Die Ausschüsse haben über ihre Tätigkeit in der Gemeindevertretung Bericht zu erstatten. Sie tagen in der Regel vor jeder Gemeindevertretersitzung zu den sie betreffenden Beschlussvorlagen. Bedarfsweise kann der Vorsitzende auch zu außerordentlichen Sondersitzungen einladen.

Ausschüsse der Münsterer Gemeindevertretung

Haupt- und Finanzausschuss (HFA)

Der Haupt- und Finanzausschuss (HFA) ist der einzige Pflichtausschuss der Gemeinde. Ausschüsse anderer Fachbereiche werden nach politischer und/oder gesellschaftlicher Relevanz eingerichtet. Den „Finanzausschuss“ schreibt die HGO als einzigen Ausschuss zwingend vor. Meistens besteht er als Haupt- und Finanzausschuss. Neben den Finanzen befasst sich der HFA auch mit gemeindlichen Satzungsfragen.

Ausschuss für Soziales, Vereine, Kultur, Jugend und Senioren („Sozialausschuss“)

Die Aufgaben des vereinfachend auch nur als „Sozialausschuss“ bezeichneten Gremiums sind soziale Belange, die für das kommunale gesellschaftliche Leben wichtig sind und zum Aufgabenbereich der Kommune gehören. Ein wichtiger Bereich ist die vorschulische Kinderbetreuung in den Kindertagesstätten, die die Kommune im gesetzlichen Rahmen zu gewährleisten hat.

Bau-, Planungs- und Umweltausschuss (BPA)
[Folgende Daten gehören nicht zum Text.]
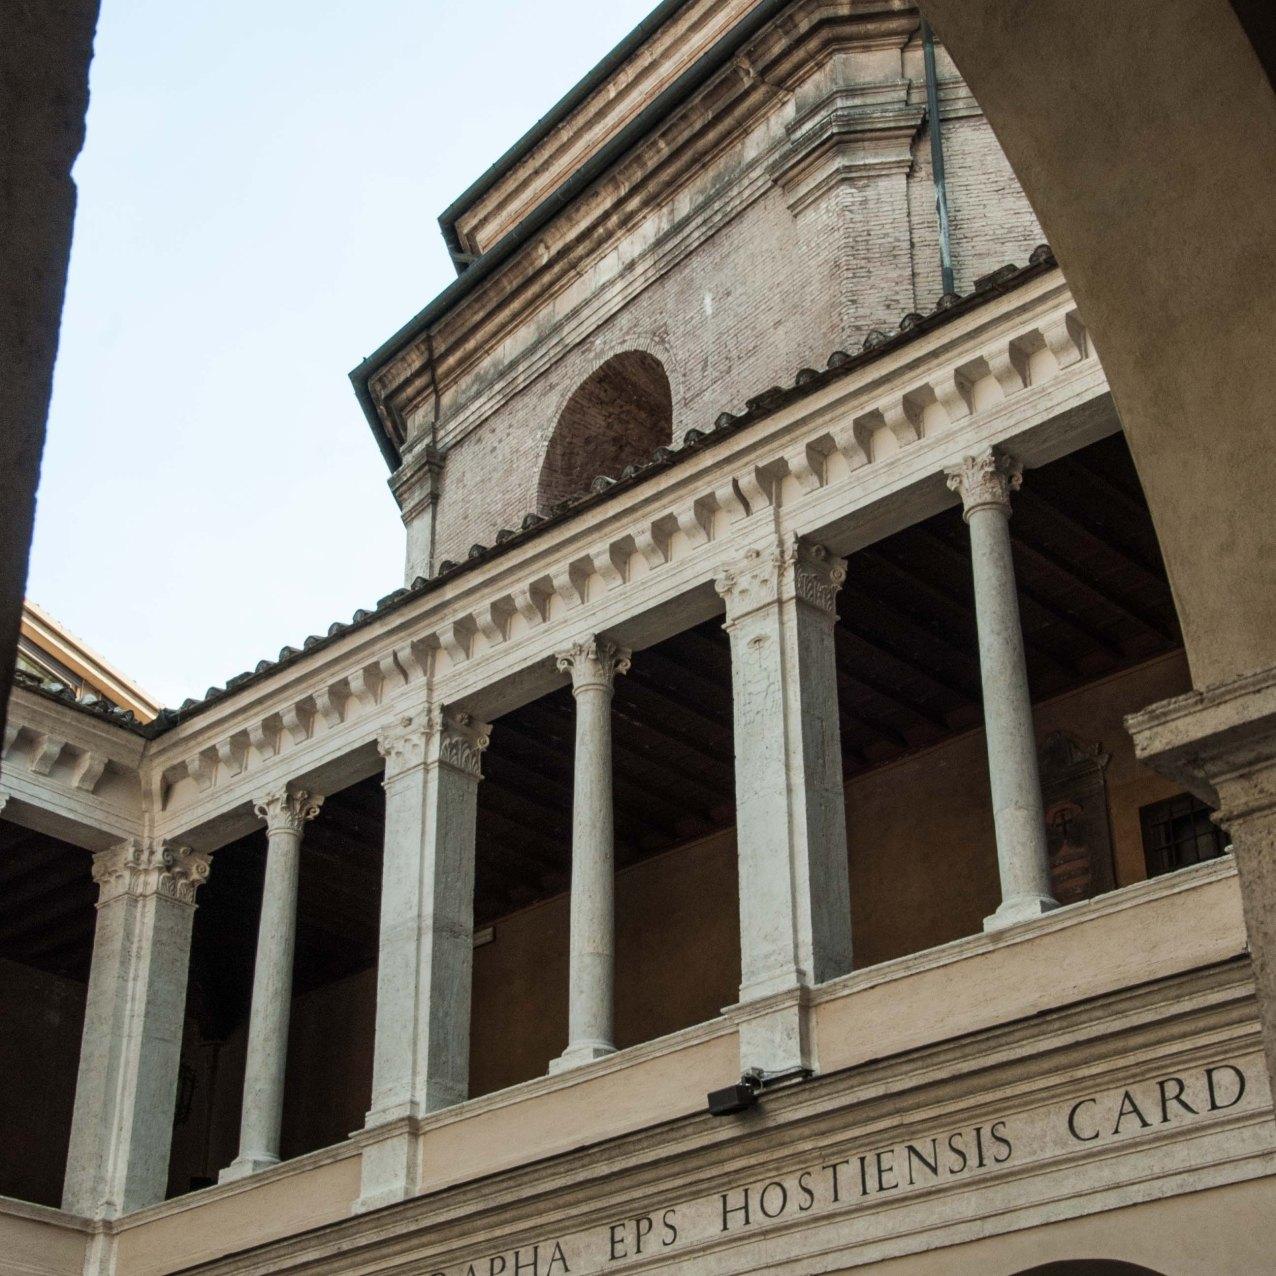 Courtyard of the Chiostro del Bramante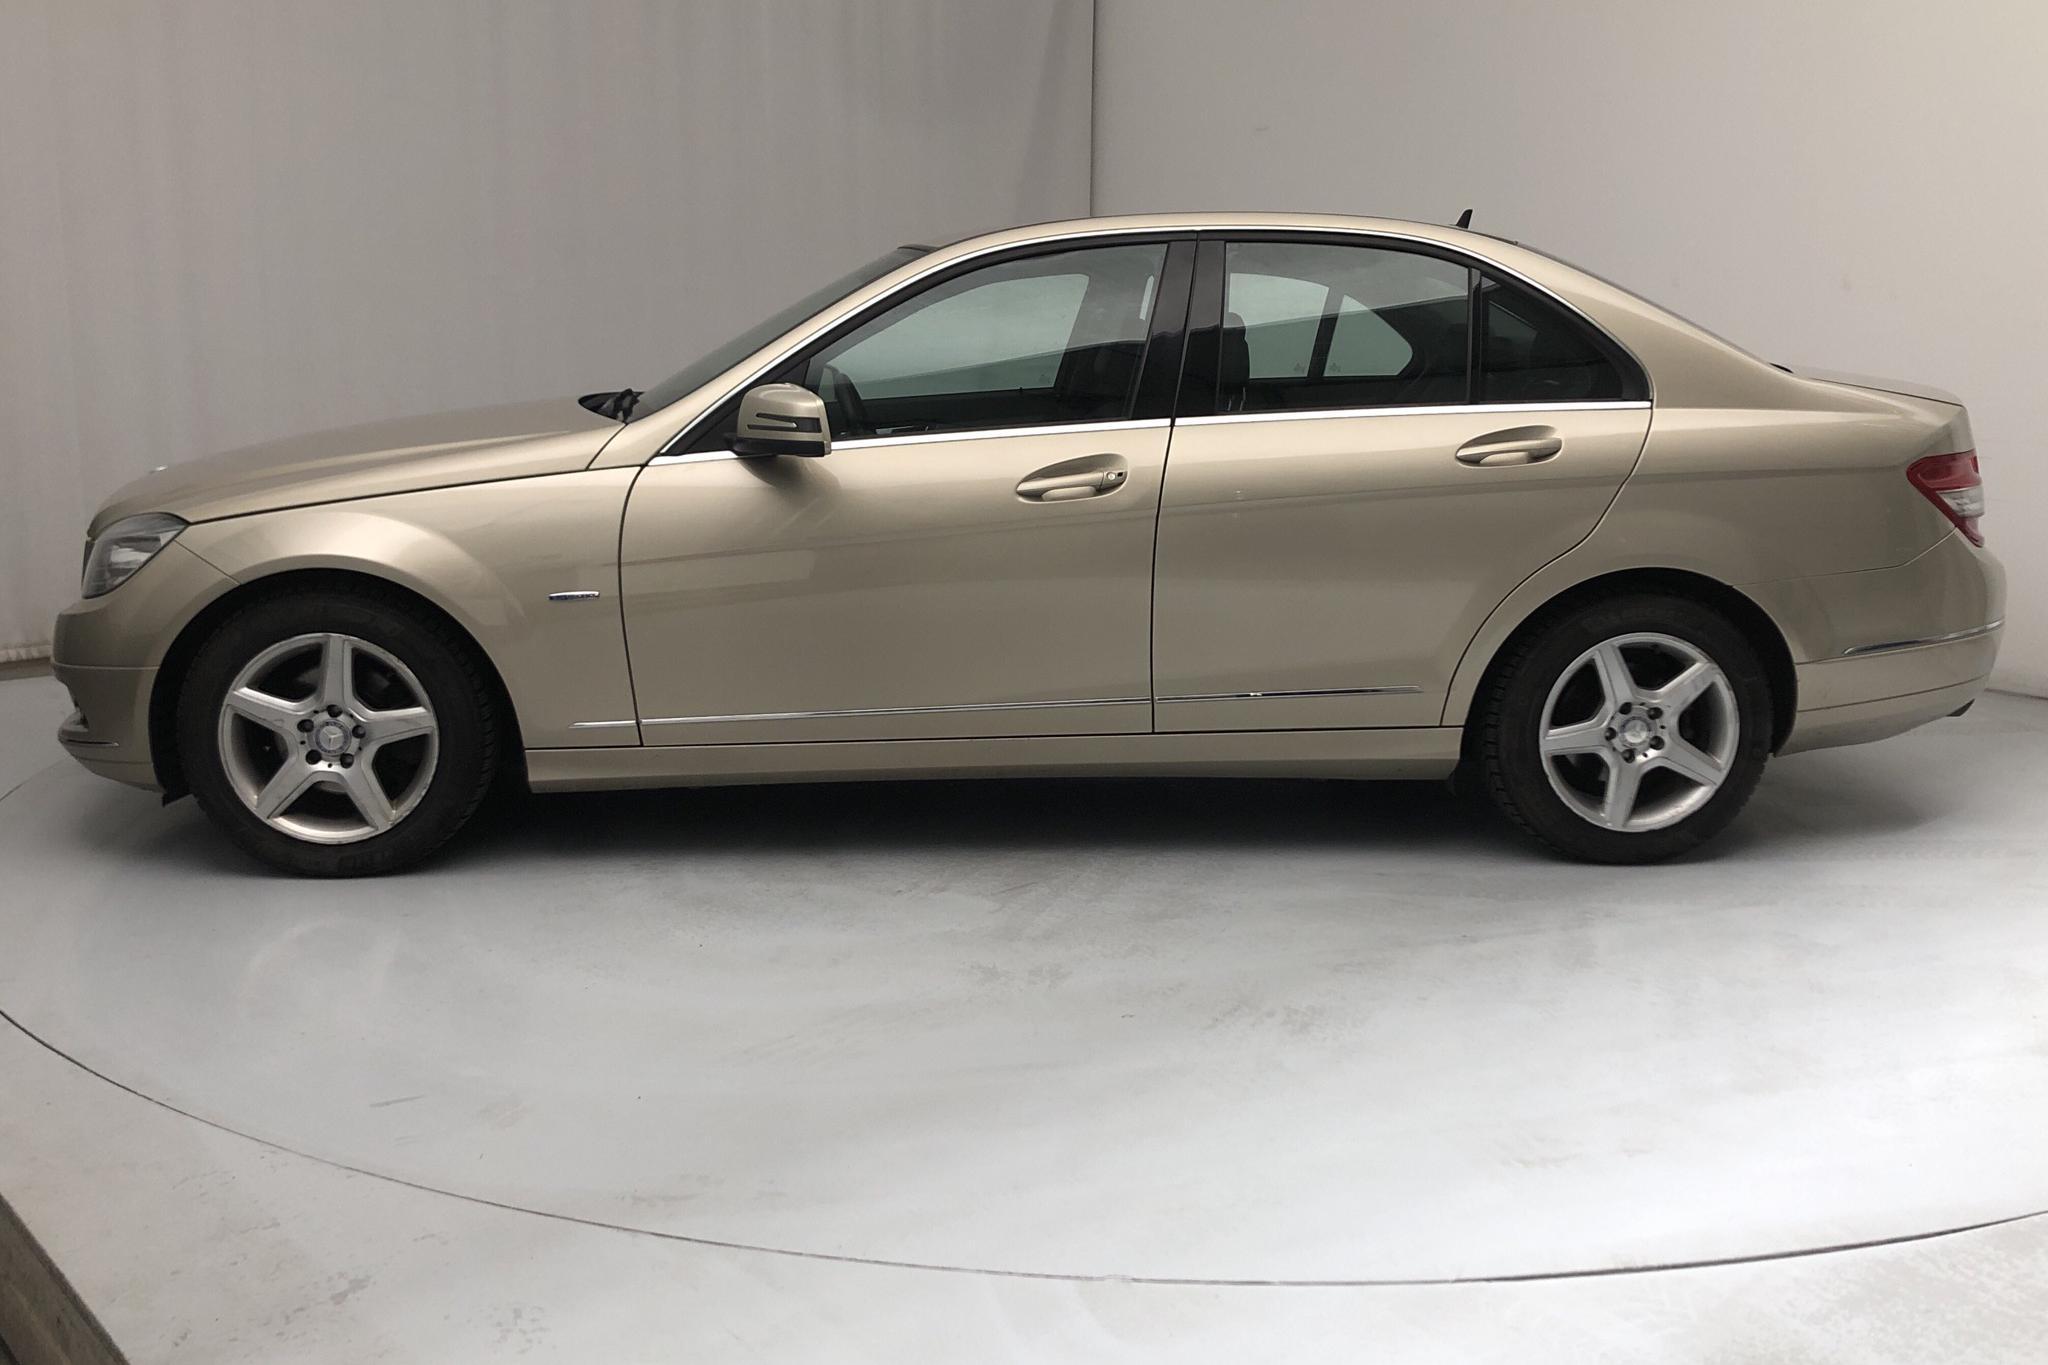 Mercedes C 180 CGI BlueEfficiency W204 (156hk) - 198 210 km - Automatic - Light Brown - 2010

Hierunter fallen sämtliche kommunalen Planungs- und Baumaßnahmen im Hoch- und im Tiefbau ebenso wie Bau, Wartung und Sanierung der kommunalen Straßen sowie der gesamten baulichen Infrastruktur. Ortsentwicklung, Verkehrskonzepte sowie Aspekte des Umweltschutzes wie auch der Erneuerbaren Energie gehören in diesen Bereich.

Gemeindevorstand

Der Gemeindevorstand setzt sich zusammen aus dem Bürgermeister als Vorsitzenden, dem/der Ersten Beigeordneten und den weiteren Beigeordneten zusammen. Vertreter/in im Falle der Verhinderung des Bürgermeisters/ der Bürgermeisterin ist der/die Erste Beigeordnete/r.

Mit Ausnahme des/der hauptamtlichen Bürgermeister/in werden die Mitglieder des Gemeindevorstands in der konstituierenden, d. h. der ersten Sitzung der Gemeindevertretung, gewählt. Die Amtszeit des Gemeindevorstandes der vorhergehenden Wahlperiode endet erst mit der Wahl des neuen Gemeindevorstandes (HGO: „Weiterführung der Amtsgeschäfte“). Die Zusammensetzung erfolgt entsprechend dem aus den Wahlen resultierenden Proporz der Fraktionen.

Alle Mitglieder des Gemeindevorstandes in Münster sind ehrenamtlich. Einzige Ausnahme ist der/die hauptamtliche Bürgermeister/in.

Der Gemeindevorstand wickelt nach der HGO die Geschäfte der Verwaltung entsprechend den Vorgaben der Gemeindevertretung „im Rahmen der zur Verfügung stehenden Mittel“ ab. Auch der Gemeindevorstand diskutiert und stimmt über Beschlussvorlagen ab. Bei Stimmengleichheit entscheidet das Votum des/der Bürgermeisters/meisterin.

Der Gemeindevorstand tagt in Münster wöchentlich.

Kommissionen

Der Gemeindevorstand kann zur Beratung bestimmter Themen und Aufgaben Kommissionen einberufen. Die Bandbreite der Kompetenzen geht von der einfachen Beratung durch die Kommission bis zu deren Beauftragung der dauernden Verwaltung oder Beaufsichtigung einzelner Geschäftsbereiche sowie zur Erledigung vorübergehender Aufträge. Mitglieder von Kommissionen sind der/die Bürgermeister/in als Vorsitzende/m, Mitglieder des Gemeindevorstandes und der Gemeindevertretung und in der Regel sachkundige Einwohner/innen.

Die Sitzungen von Kommissionen sind nicht öffentlich.